The government also agreed to pay out nearly $1.8 billion to people who claim their prosecutions were weaponized by Democratic administrations. This has long been a goal for Capitol rioters, nearly all of whom were pardoned by Trump on his first day in office.
After a bipartisan outcry that millions of taxpayer dollars could go to people convicted of assaulting police officers and other violent acts, acting attorney general Todd Blanche said that the fund was officially dead. But Trump says he still wants it to go forward, and there are still paths for people to get payouts.
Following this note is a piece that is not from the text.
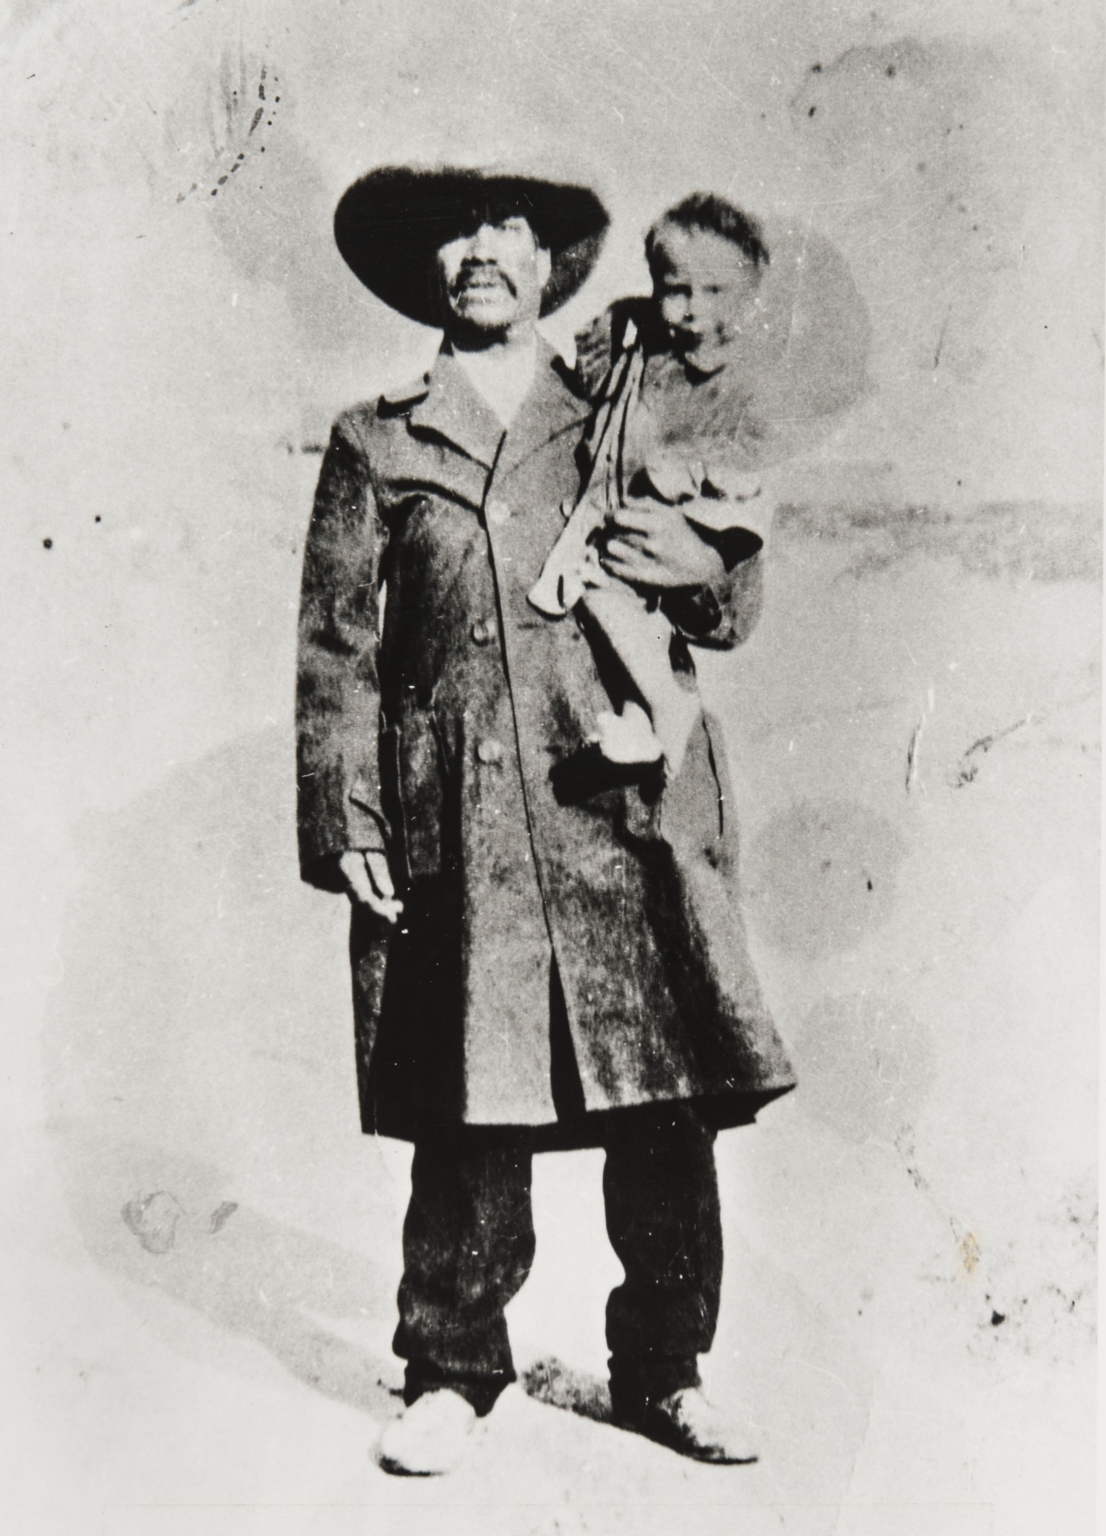 John Trejo's grandfather a Pancho Villa soldier.

There is legislation that has been introduced by Democrats to ban the weaponization fund and the IRS from giving immunity to Trump, but that’s so far been a hard sell in a Republican-led Congress.
The courts can’t strike down tax immunity for Trump or the weaponization fund. But both deals appear on shaky ground.
This week, Williams made it very clear that her court did not put its imprimatur of approval on these deals. To the contrary, she suggested no court would approve of such deals, undercutting the Trump administration’s arguments that they mirror other government settlements.
Her ruling could make it harder for any payouts or immunity deals to be legitimized in court, legal experts say.
And a future presidential administration could still look into Trump’s taxes.
The Supreme Court has granted immunity to all former presidents — but only for official acts. “It’s hard to argue cheating on your taxes is an official act,” Wehle said.